• **EXERCISE OBJECTIVE**
A faithful copy is needed of the lines below from the one with "Joomlashack's 2020 Review and Thank You" up to and including the one with "Golf Now, Wine Later 3 Wood Cover"; set it down with no pictures and no other lines.
(INPUT DATA Opens)
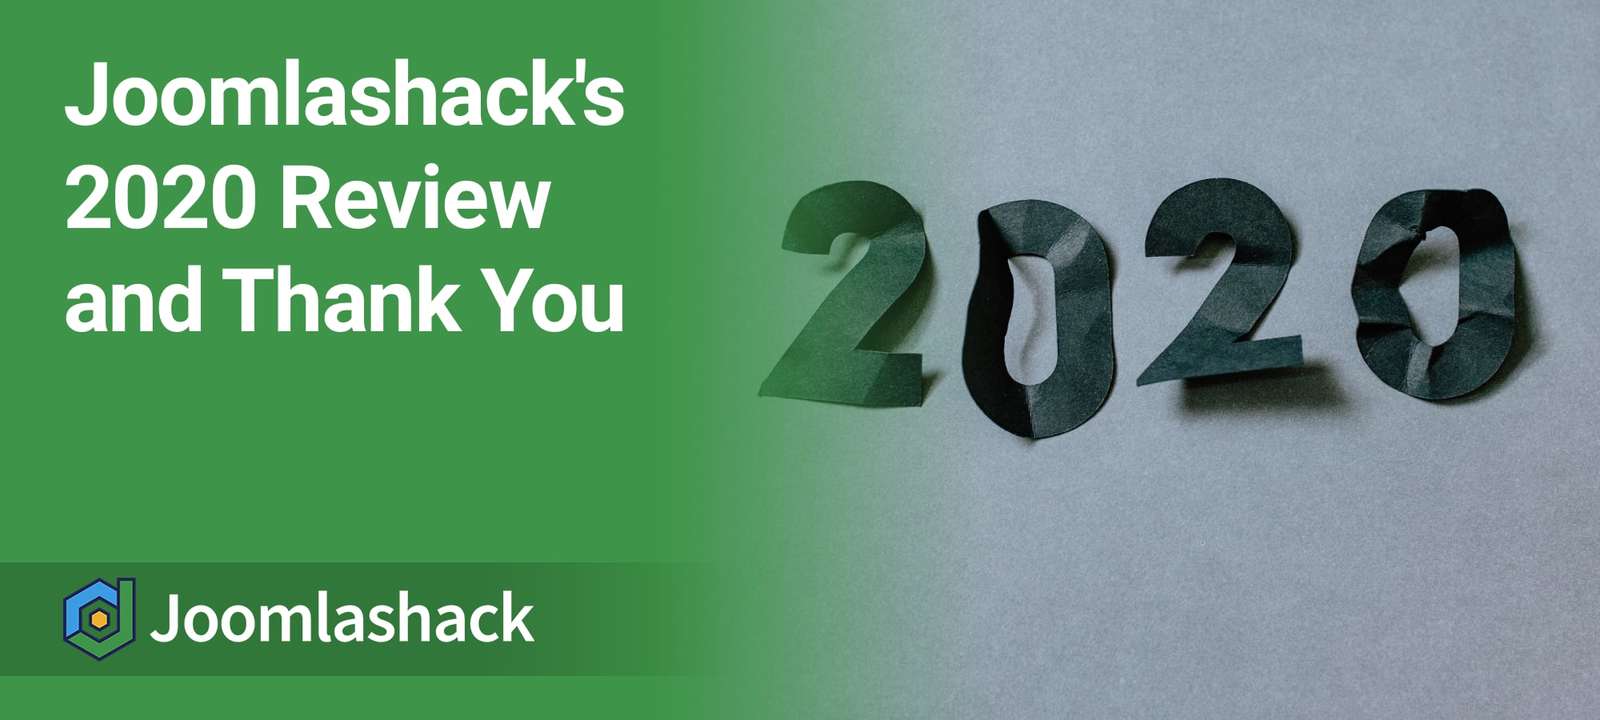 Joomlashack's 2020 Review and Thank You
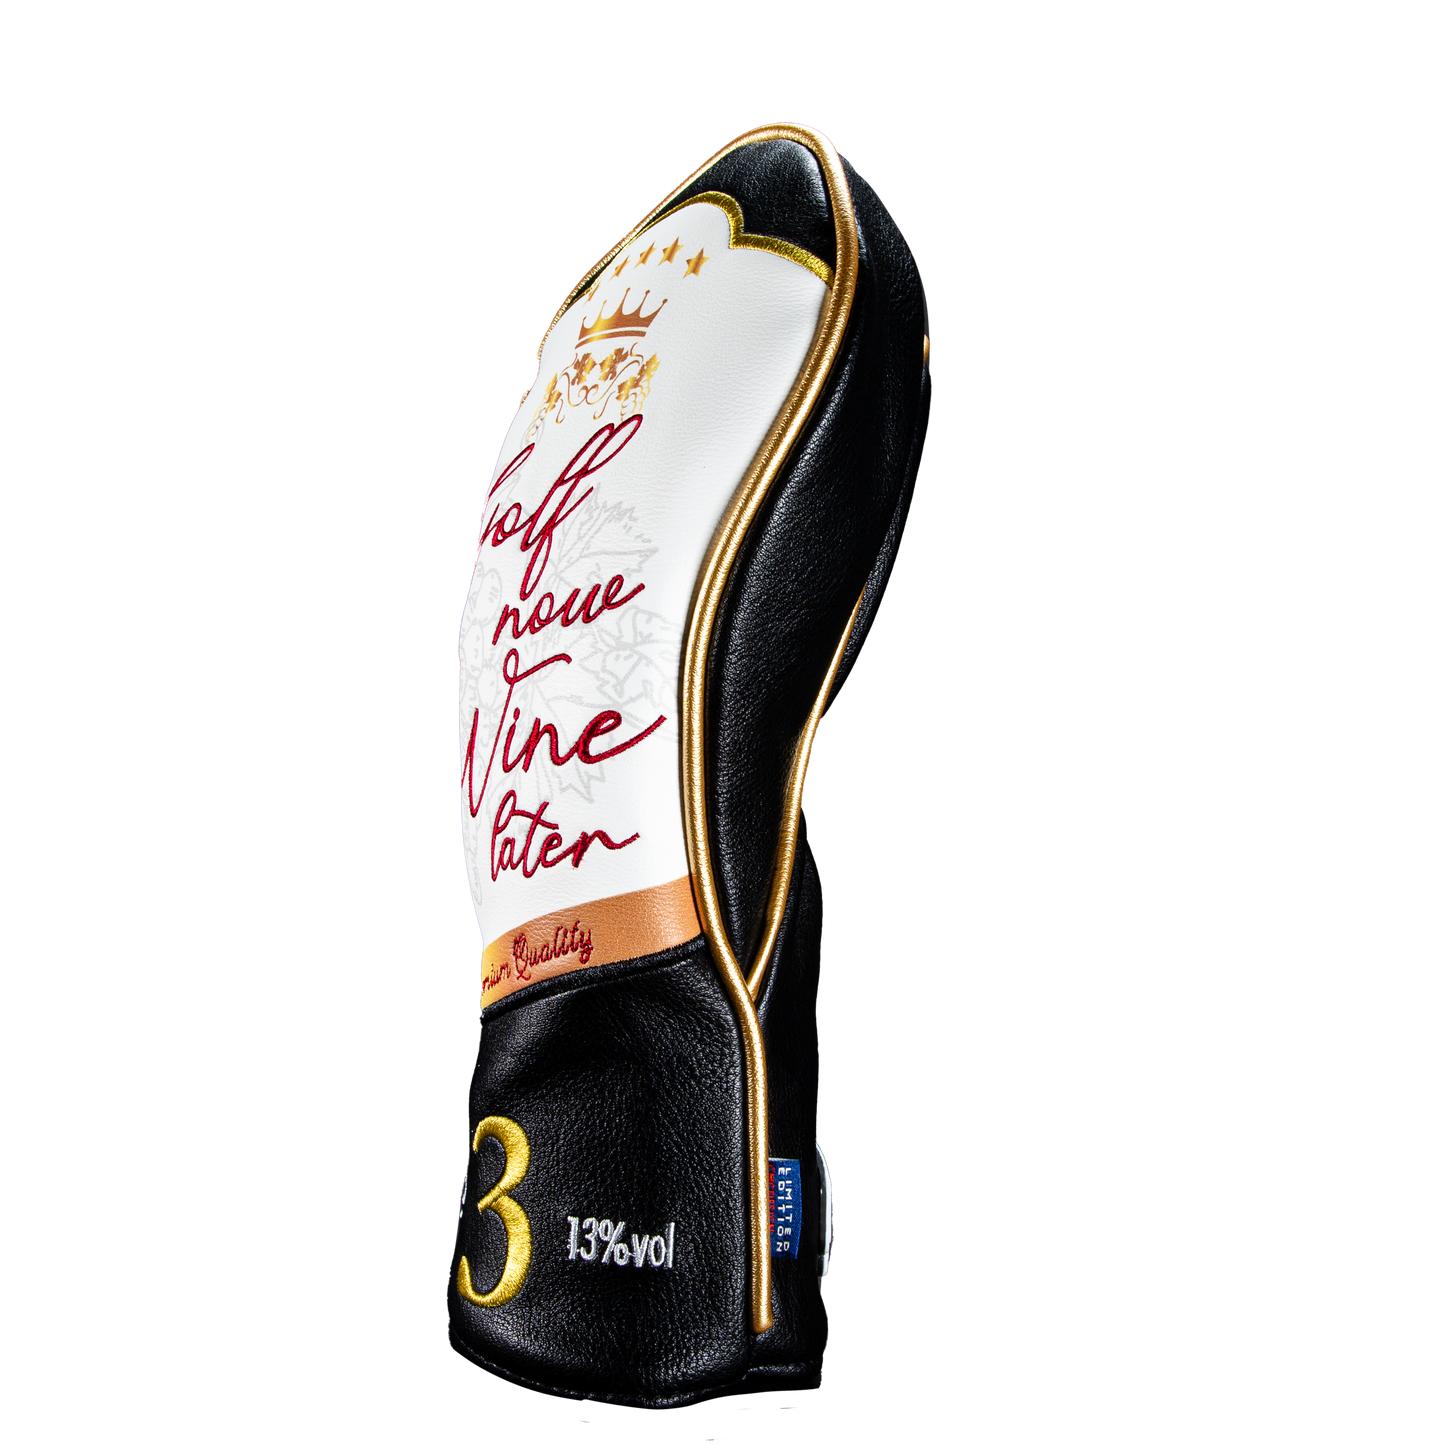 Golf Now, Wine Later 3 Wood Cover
(INPUT DATA Closes)
(INPUT DATA Opens)
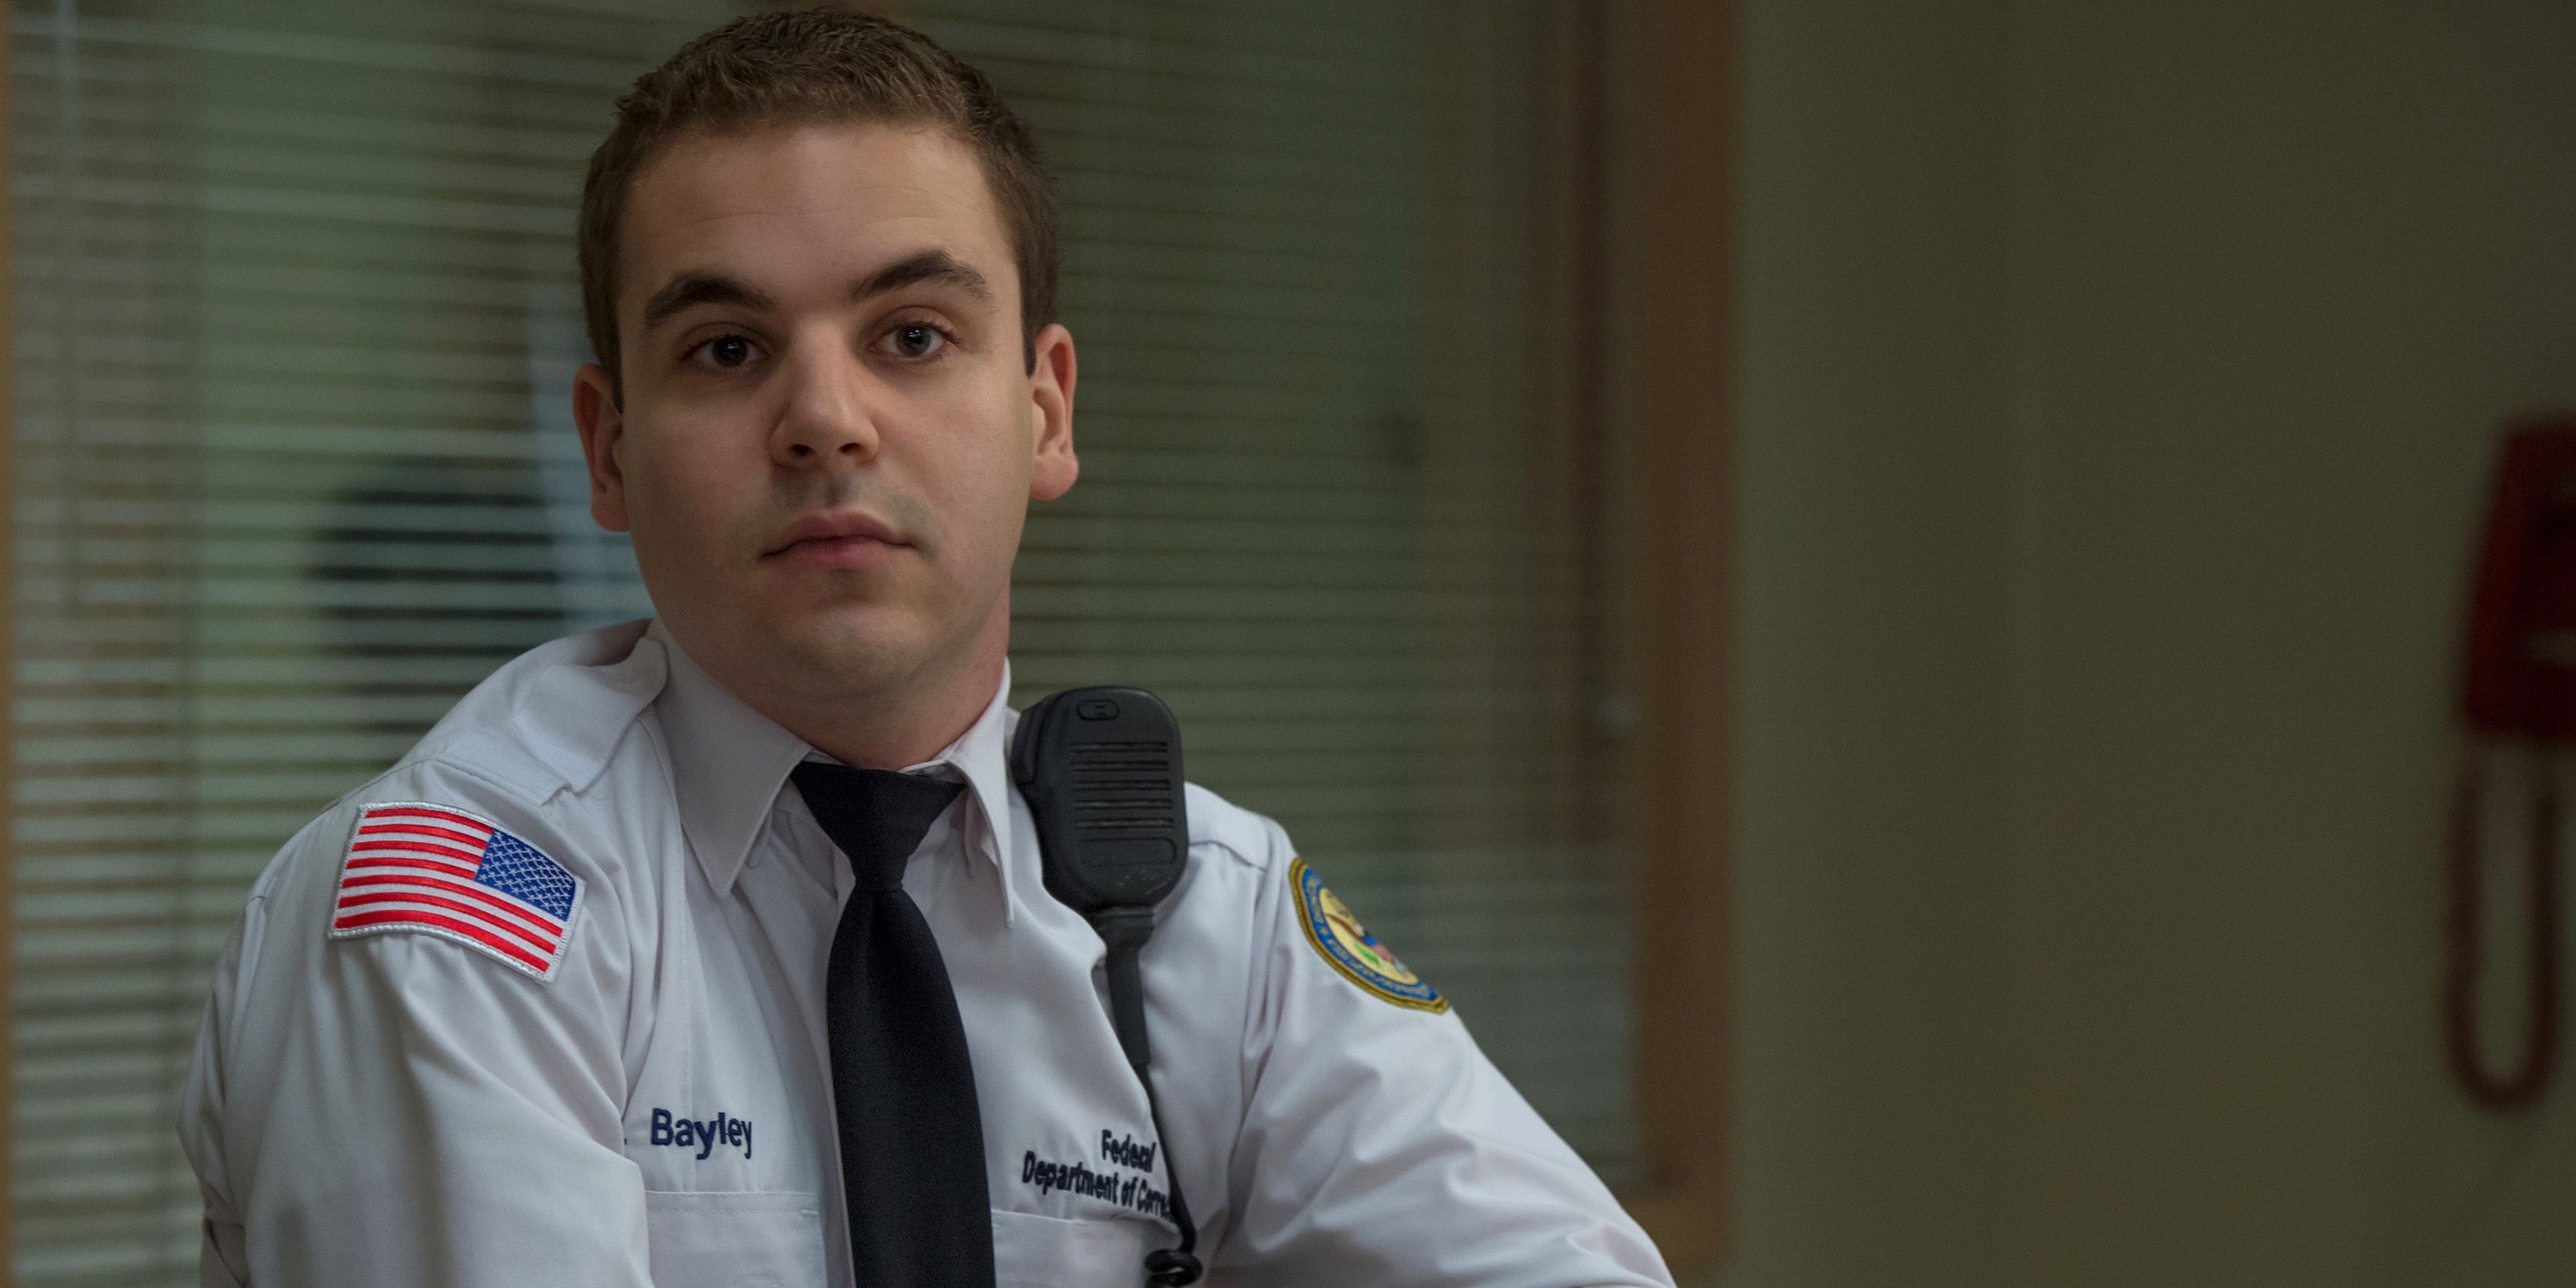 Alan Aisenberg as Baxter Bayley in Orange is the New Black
(INPUT DATA Closes)
(INPUT DATA Opens)
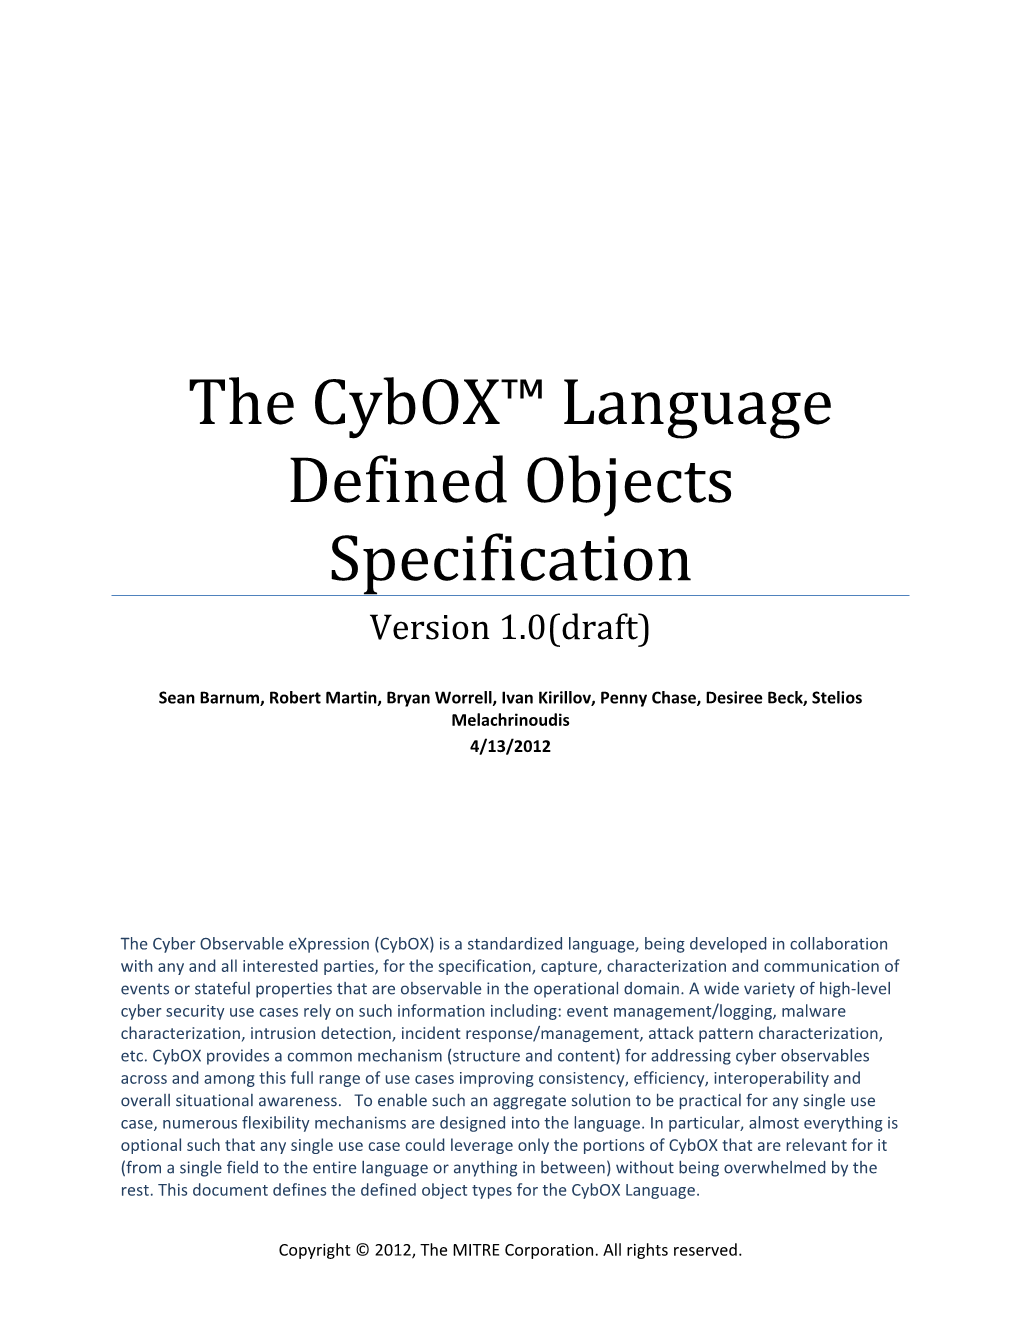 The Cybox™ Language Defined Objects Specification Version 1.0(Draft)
(INPUT DATA Closes)
• **EXPECTED ANSWER**
 Joomlashack's 2020 Review and Thank You
 Golf Now, Wine Later 3 Wood Cover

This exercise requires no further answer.